WHAT THE EXERCISE ASKS:
Using the listing below, retype only the lines from the line with "TUI Al Horeya Deck 05 - Sundeck-Pool" through the end, both ends included, and exclude the pictures.

DATA PROVIDED:
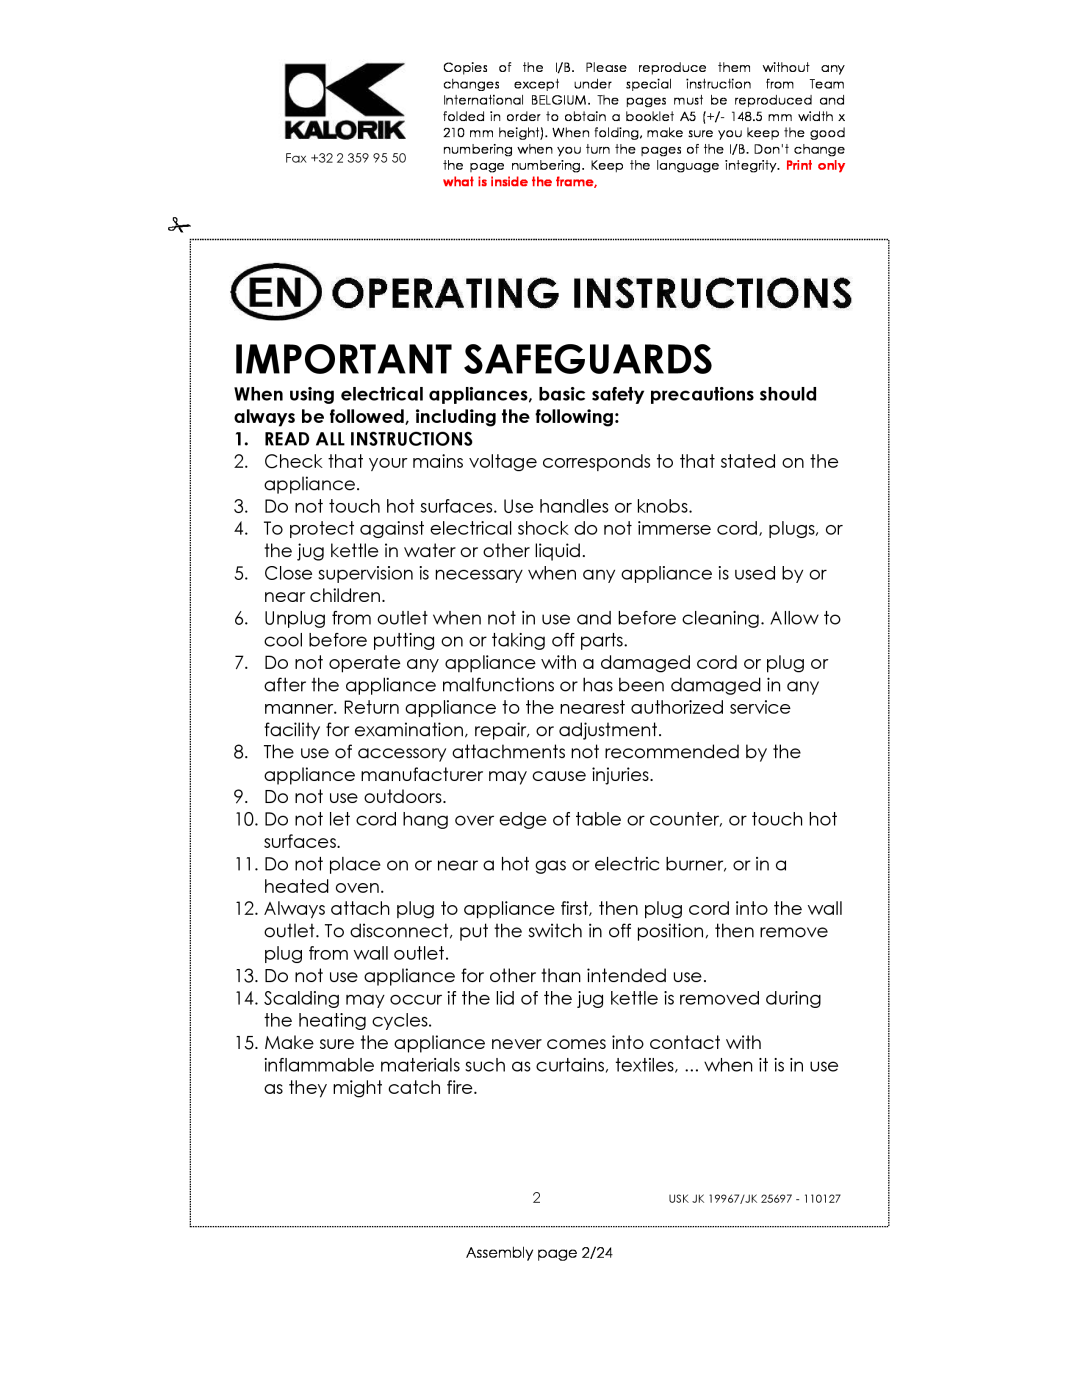 Kalorik JK 19967, JK 25697 manual Important Safeguards, Read All Instructions 
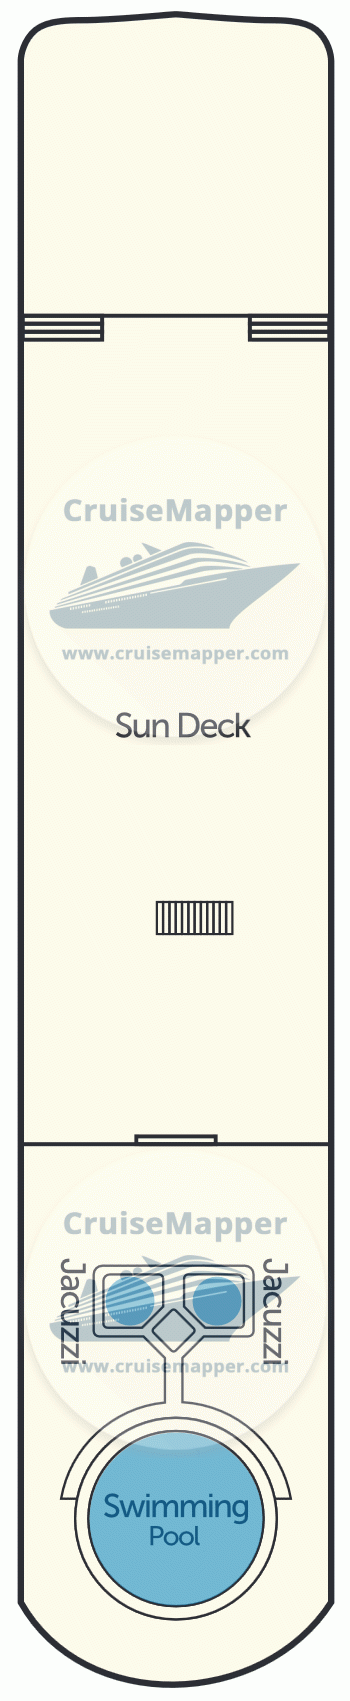 TUI Al Horeya Deck 05 - Sundeck-Pool
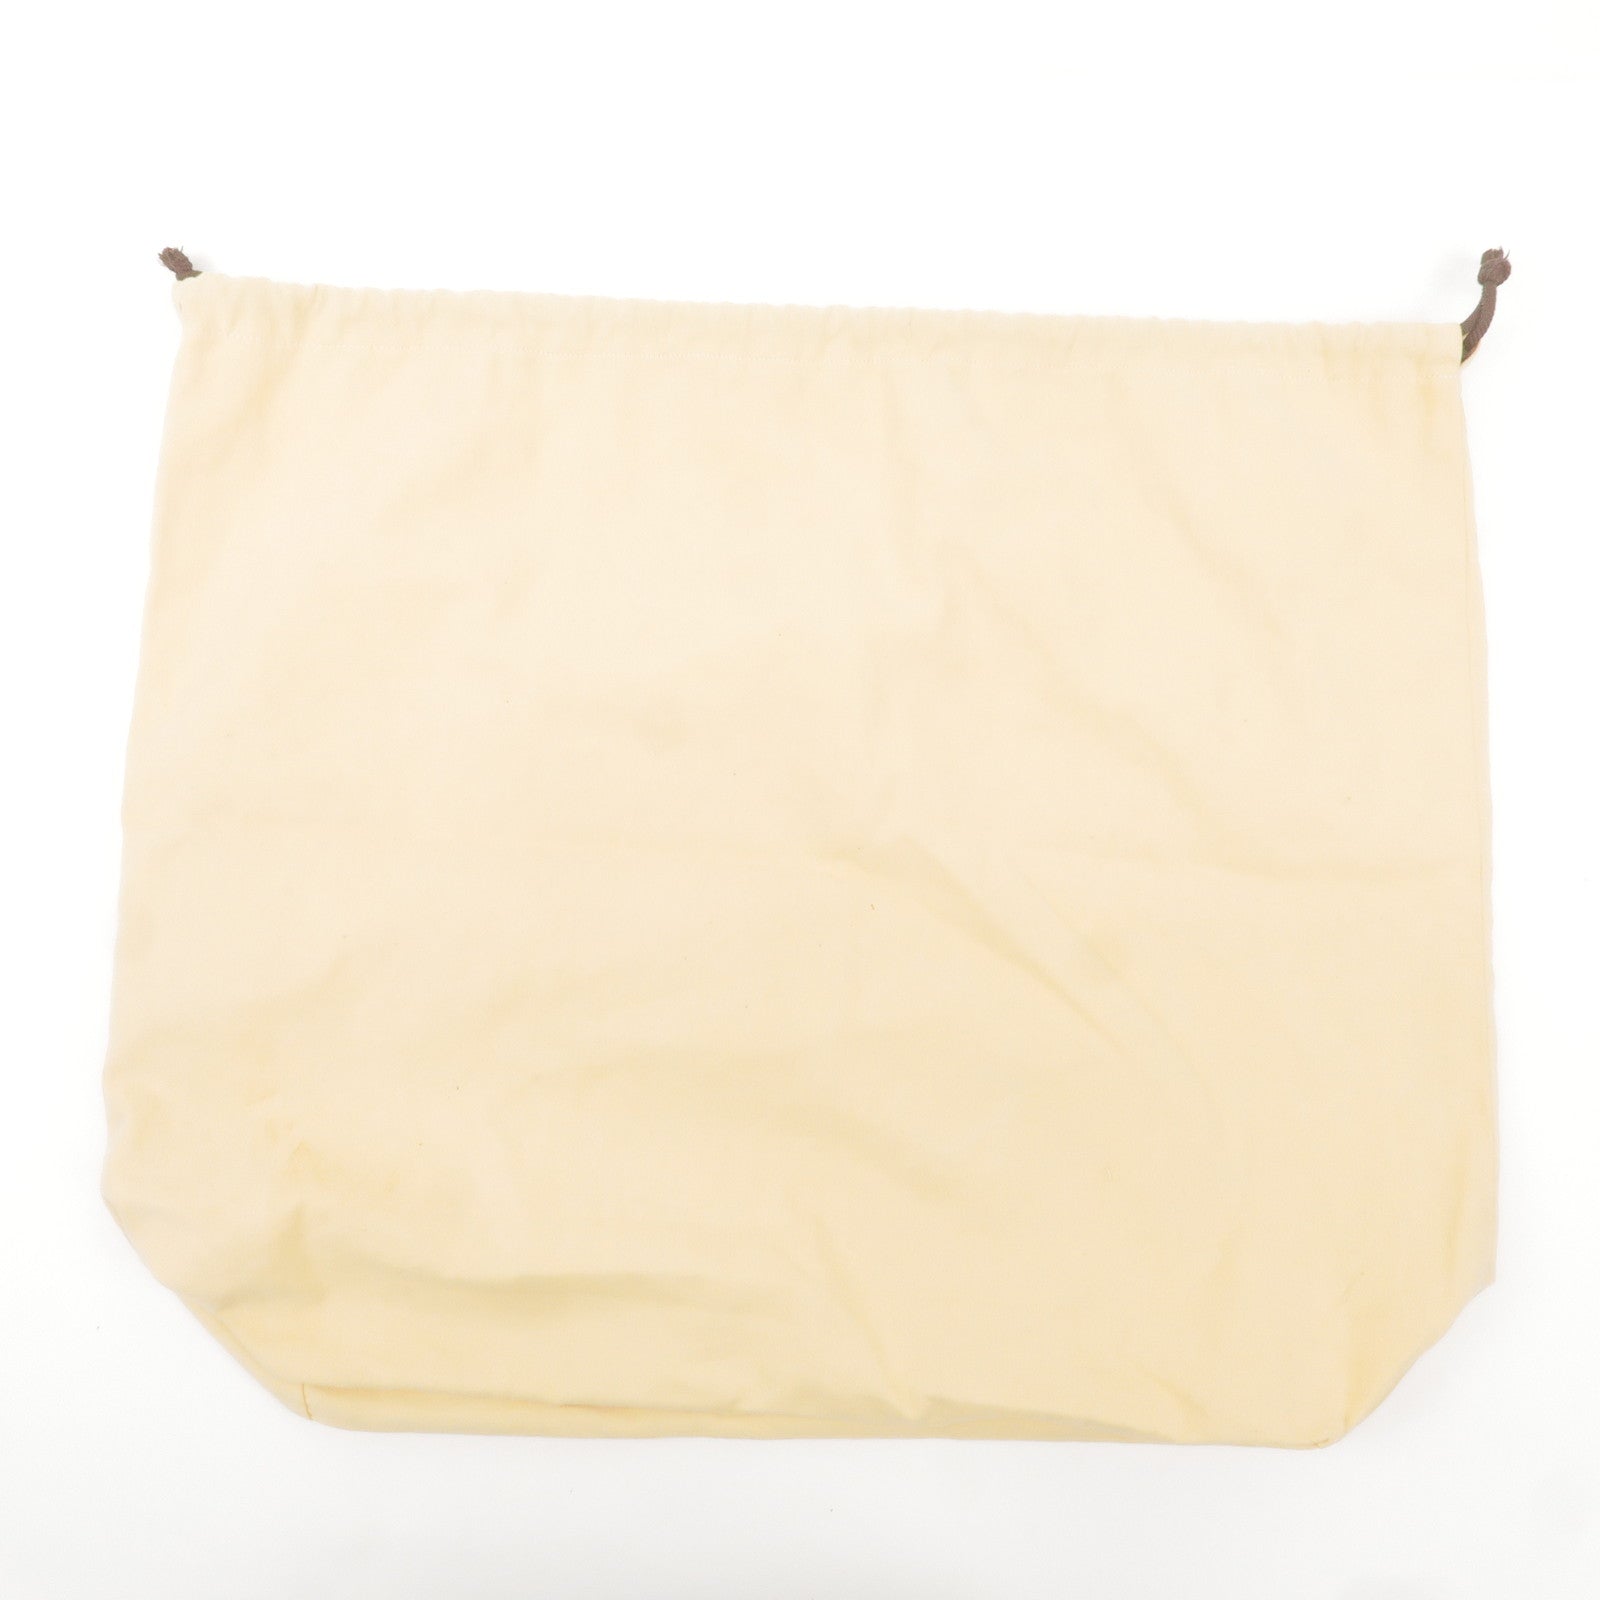 Louis-Vuitton-Set-of-10-Dust-Bag-Storage-Bag-Beige – dct

EXERCISE SOLUTION:
 TUI Al Horeya Deck 05 - Sundeck-Pool
 Louis-Vuitton-Set-of-10-Dust-Bag-Storage-Bag-Beige – dct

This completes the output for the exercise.